→ **Work required**:
Your task is to reproduce the listing exactly, without its images.

→ **Input data**:
■ ■ ■ ■

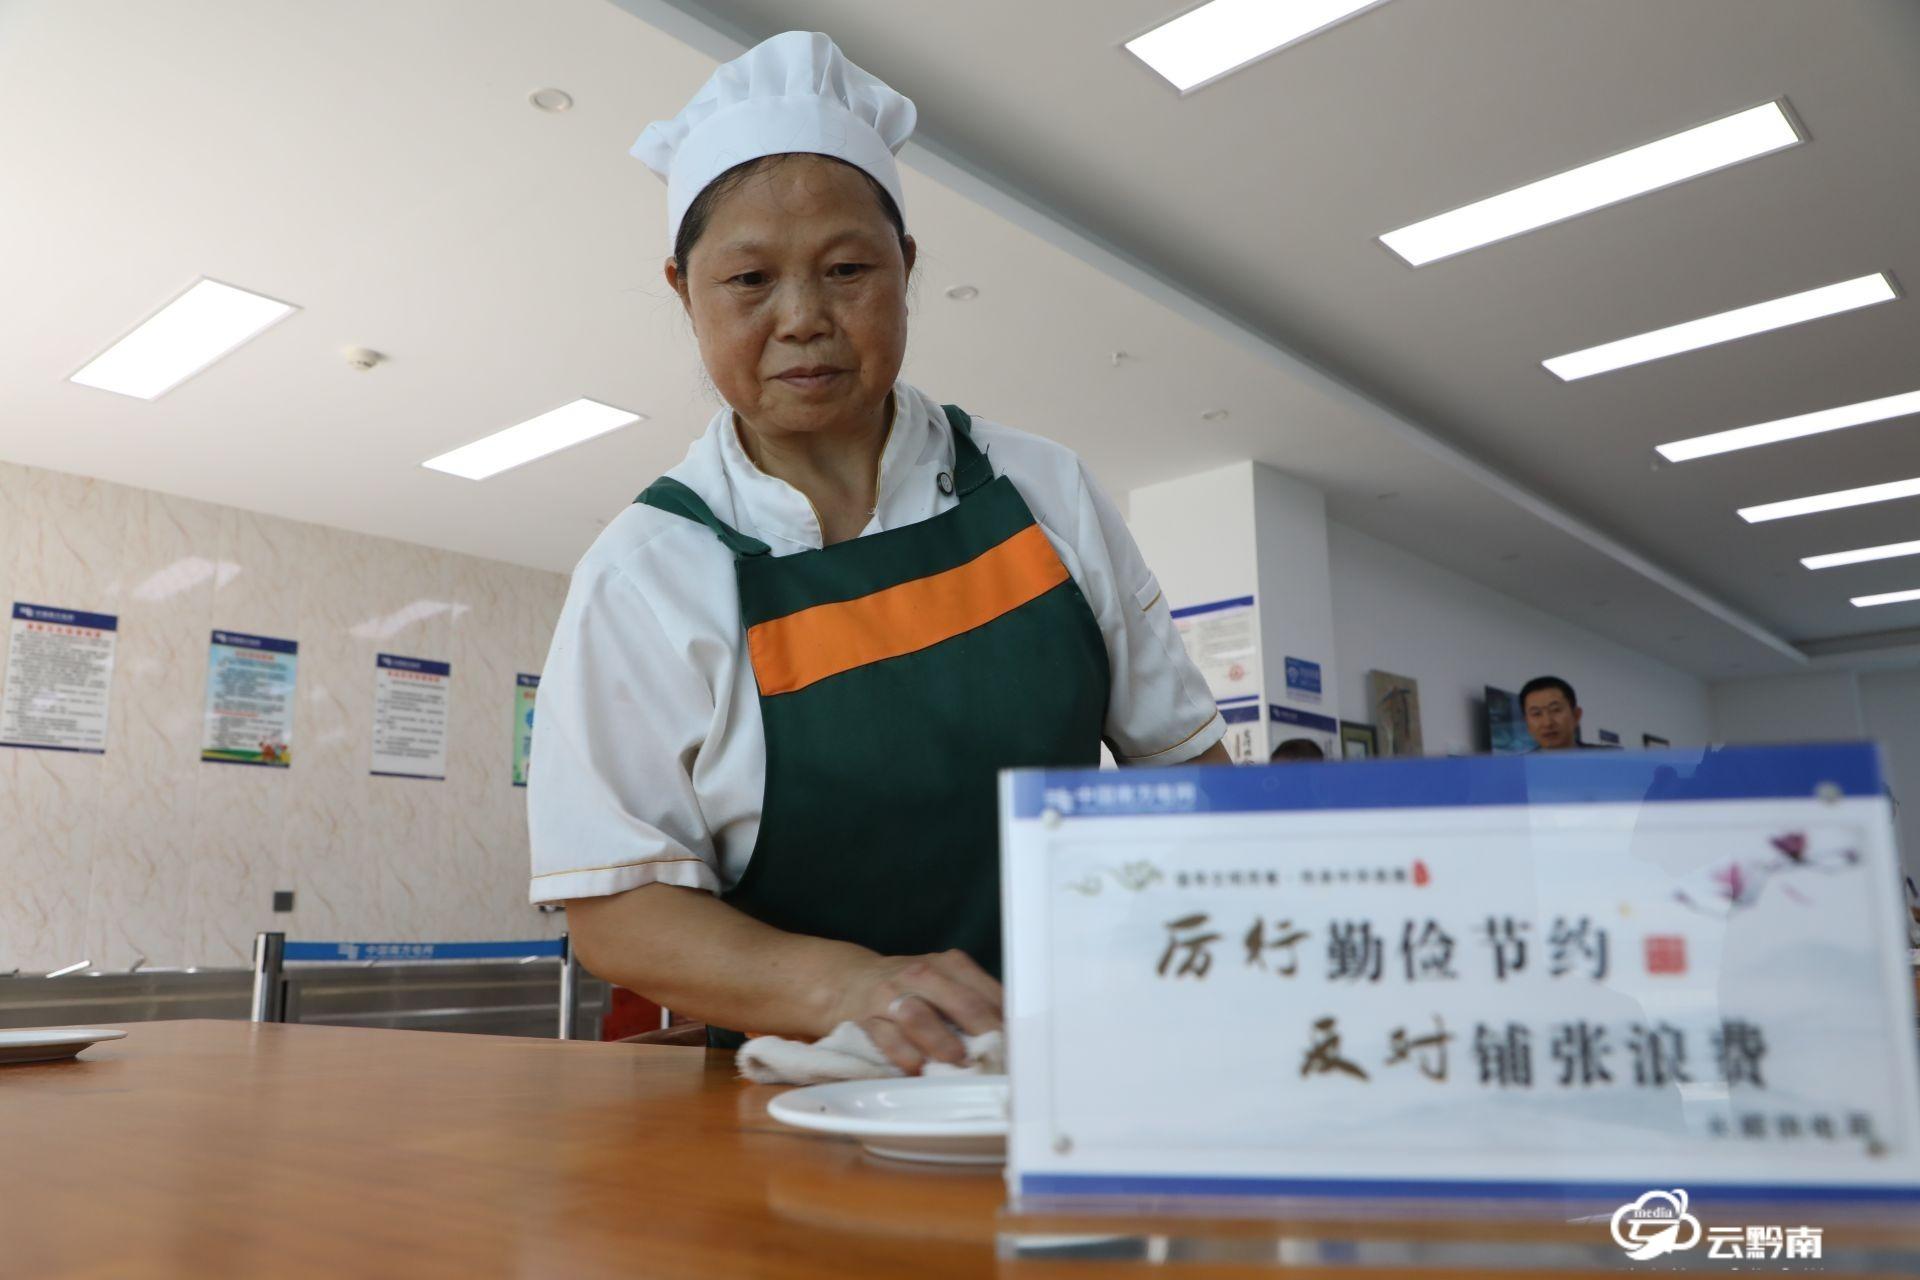 长顺县供电局:签名承诺!厉行勤俭节约,拒绝舌尖上的浪费!
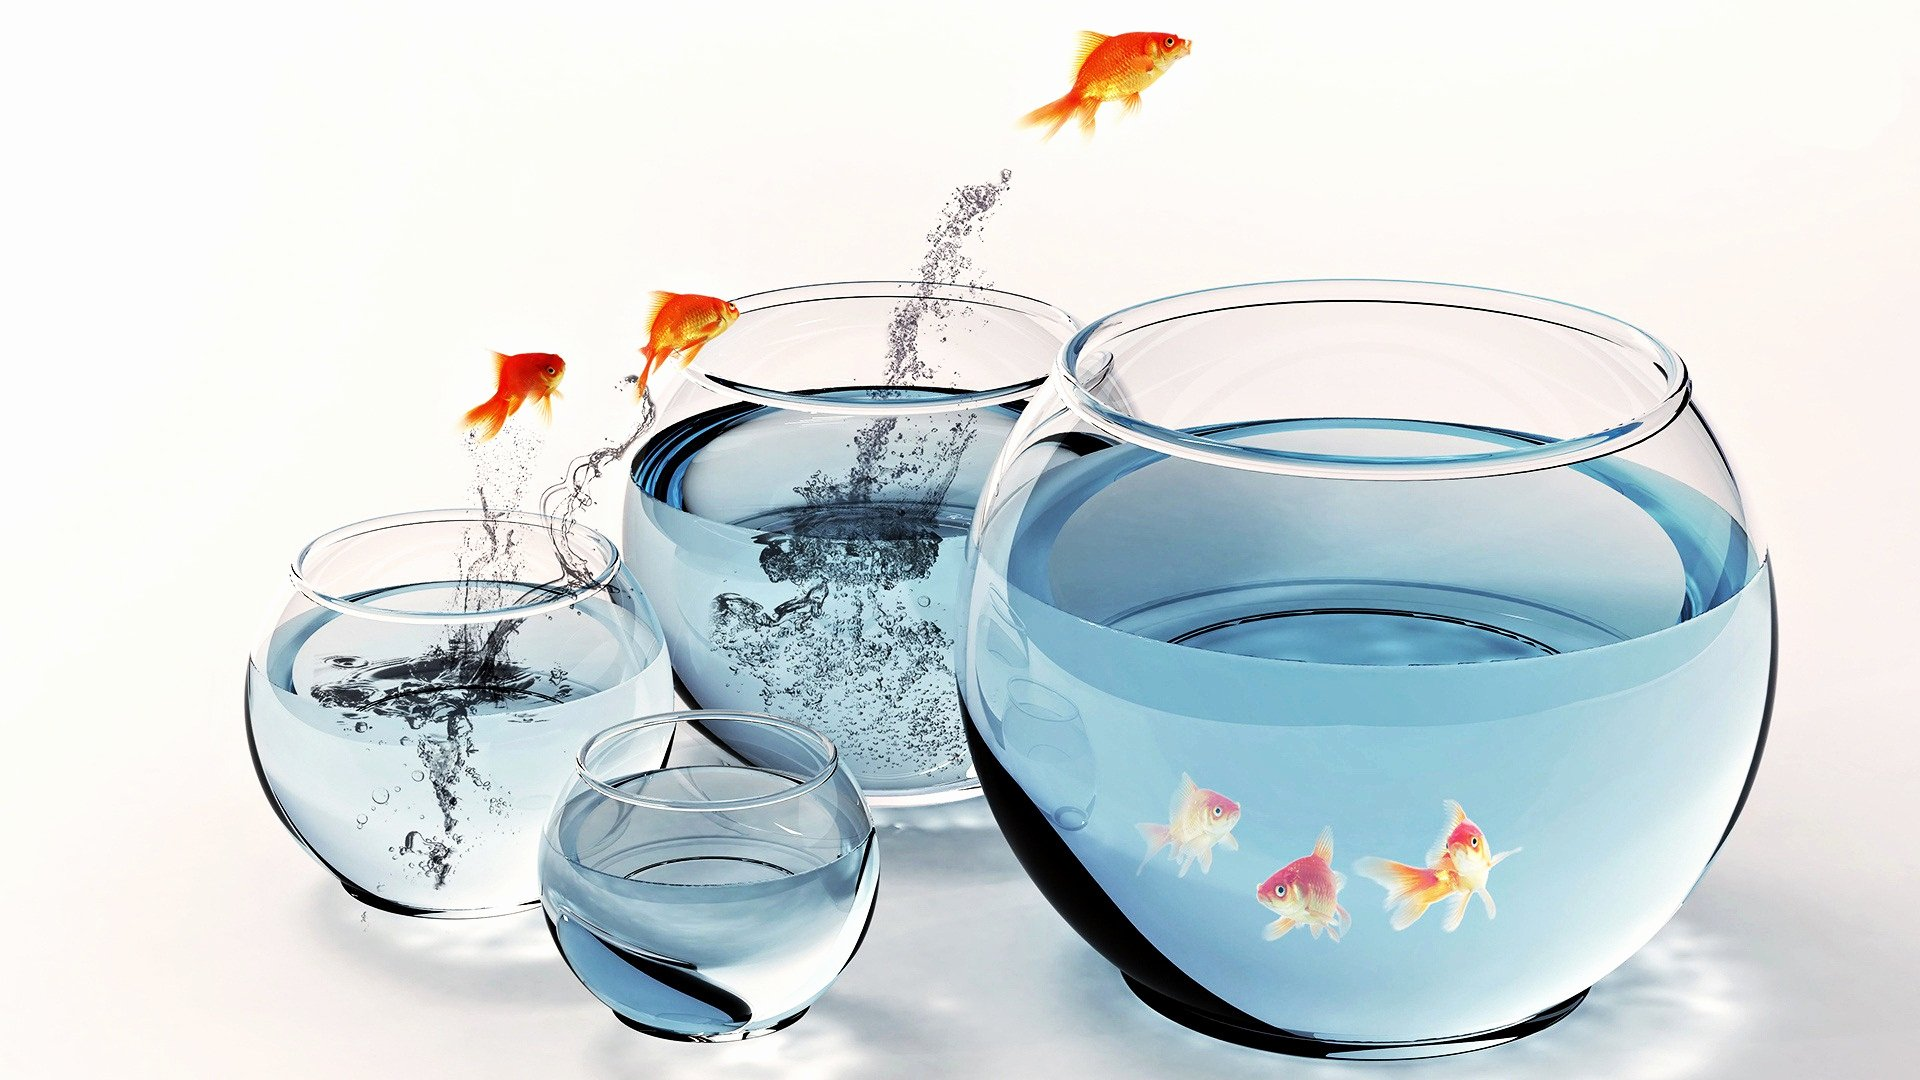 3d Fish Tank Wallpaper Inspirational Desktop Hd 3d Fish Aquarium Wallpaper Free Download
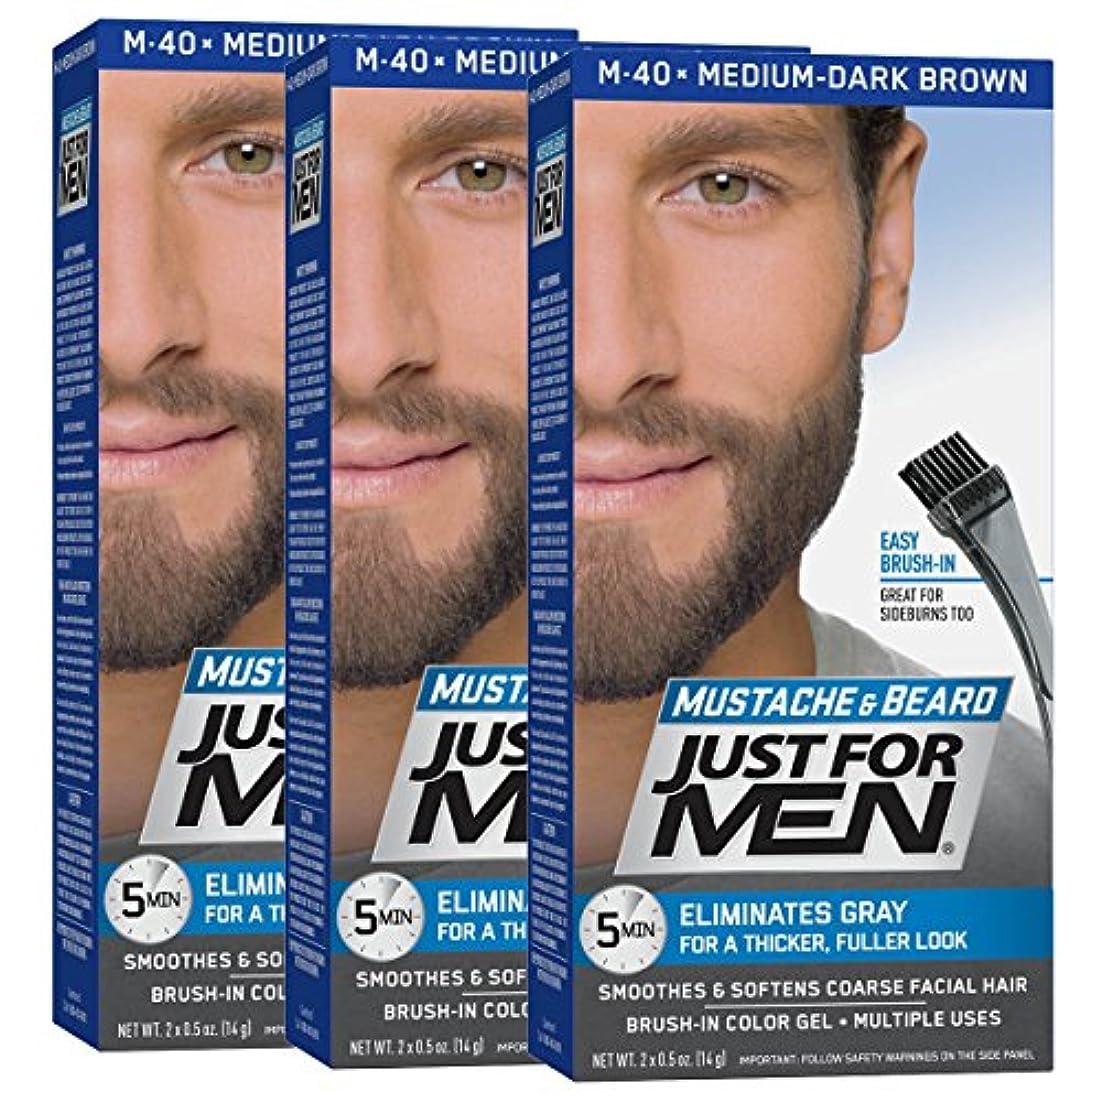 情熱的アナウンサー船上Just for Men 口ひげ&髭ブラシ-のカラージェル、ミディアム?ダークブラウン(3パック、パッケージングは??変更になる場合があります) 3 05ミディアム、ダークブラウン
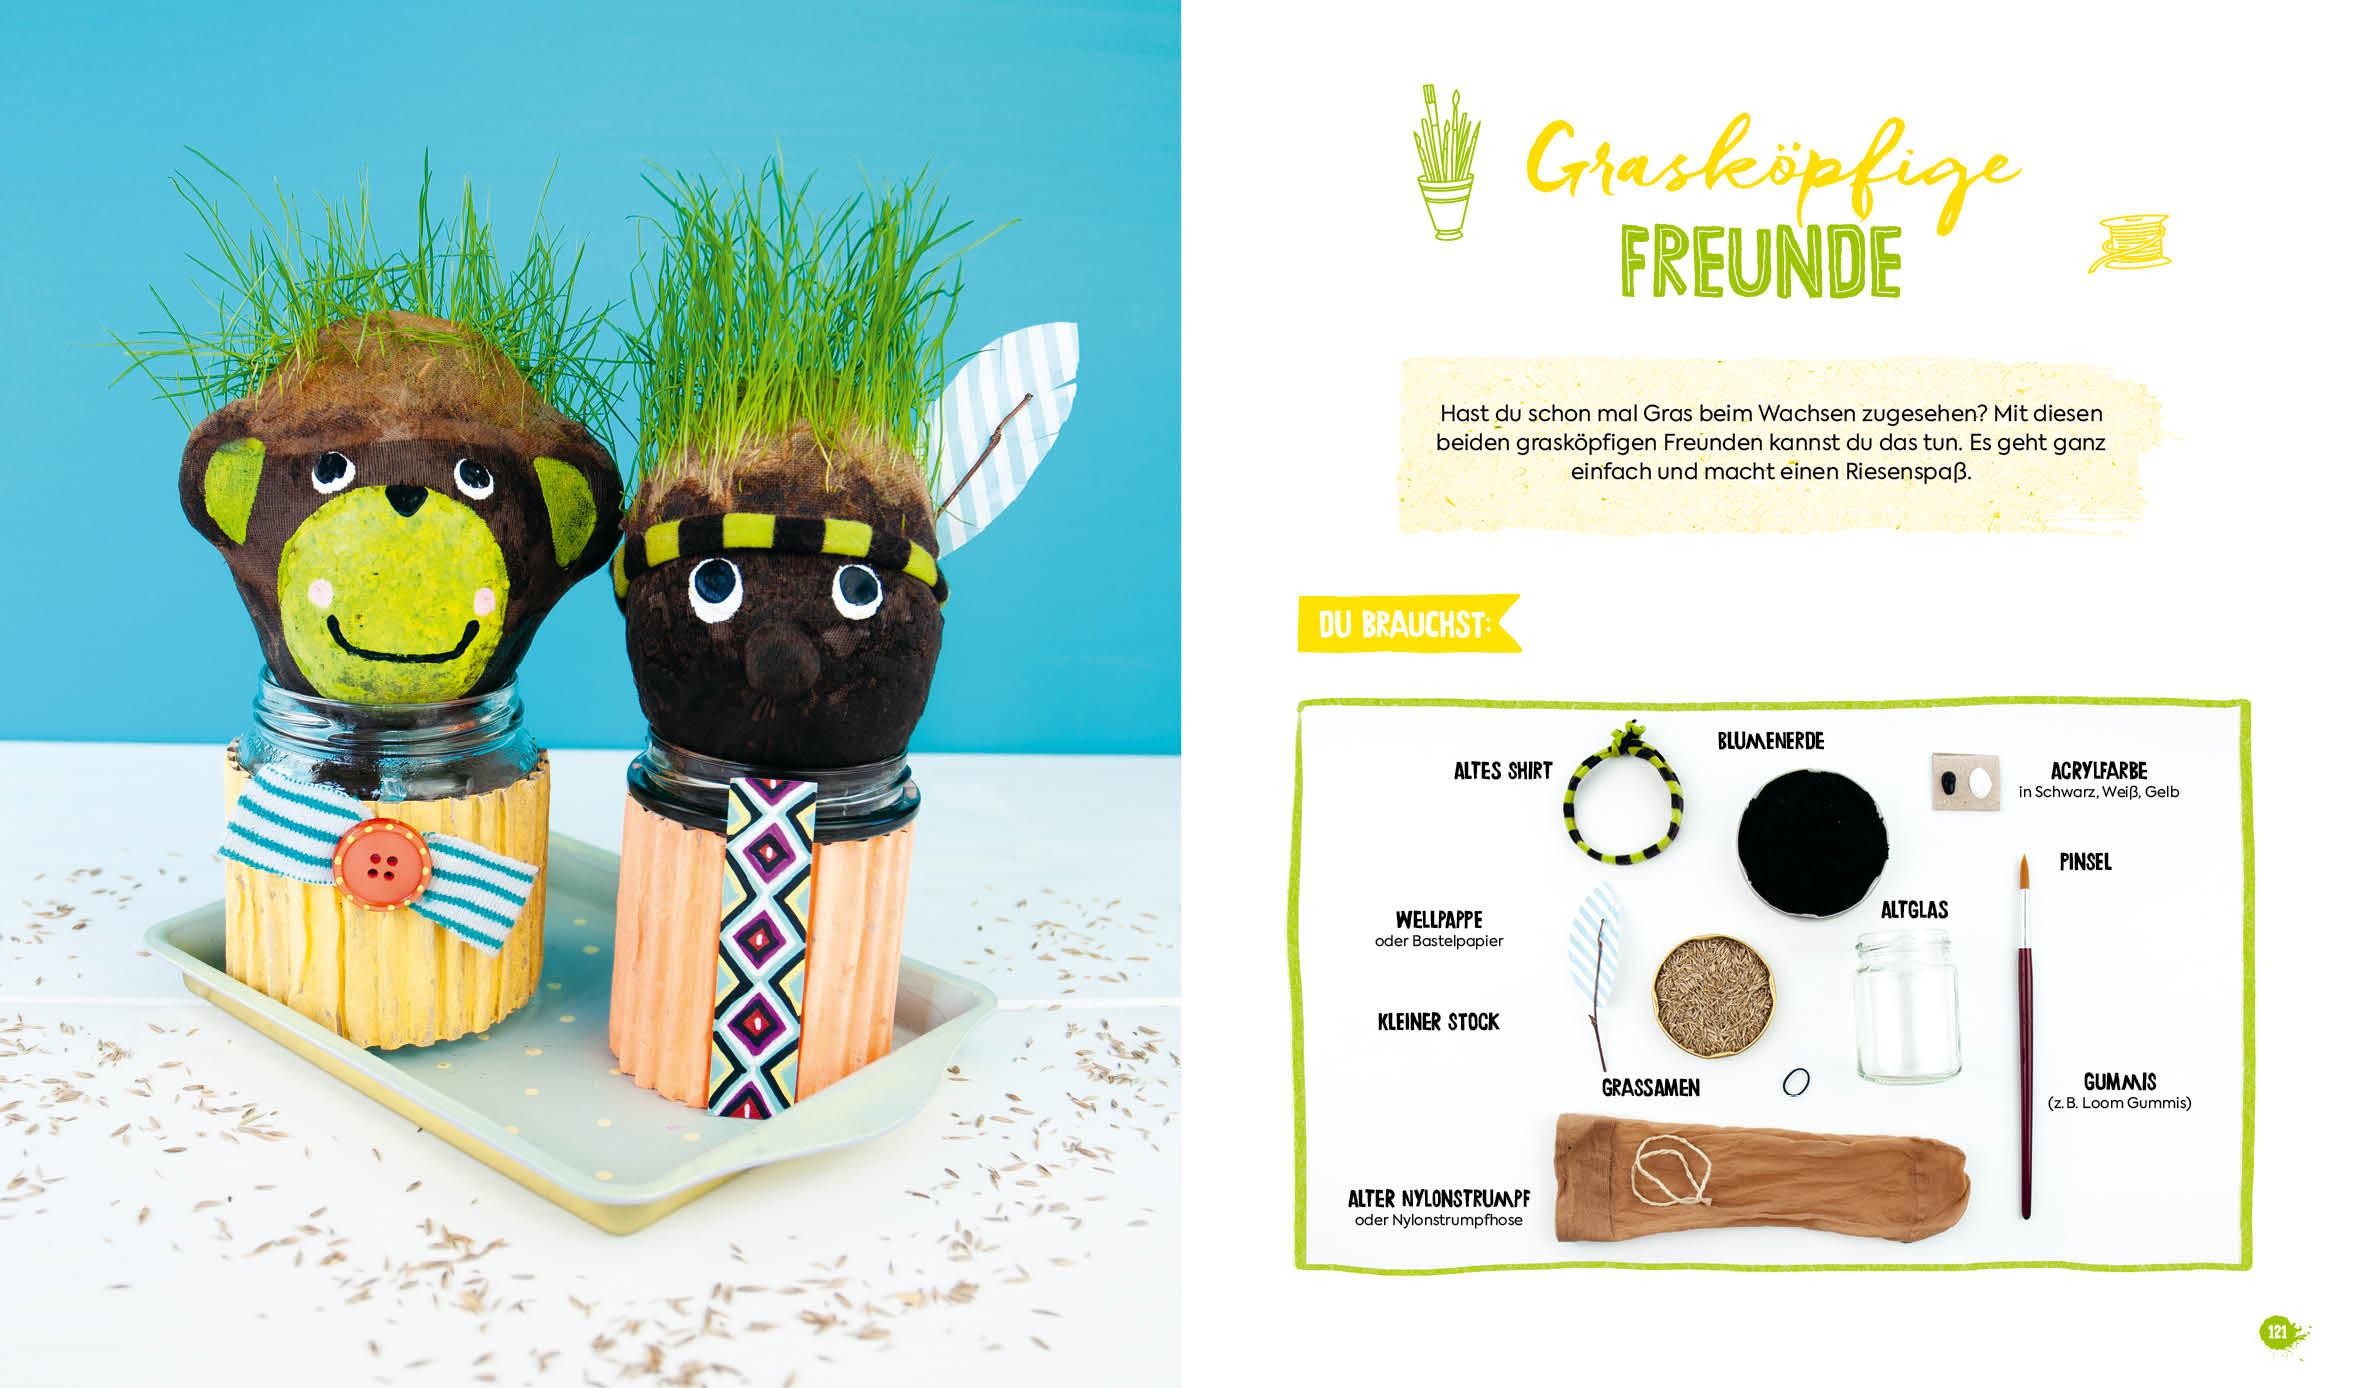 Einfach nachhaltig basteln – umweltfreundliche Kreativprojekte für die ganze Familie

■ ■ ■ ■

→ **Output for this exercise**:
 长顺县供电局:签名承诺!厉行勤俭节约,拒绝舌尖上的浪费!
 3d Fish Tank Wallpaper Inspirational Desktop Hd 3d Fish Aquarium Wallpaper Free Download
 情熱的アナウンサー船上Just for Men 口ひげ&髭ブラシ-のカラージェル、ミディアム?ダークブラウン(3パック、パッケージングは??変更になる場合があります) 3 05ミディアム、ダークブラウン
 Einfach nachhaltig basteln – umweltfreundliche Kreativprojekte für die ganze Familie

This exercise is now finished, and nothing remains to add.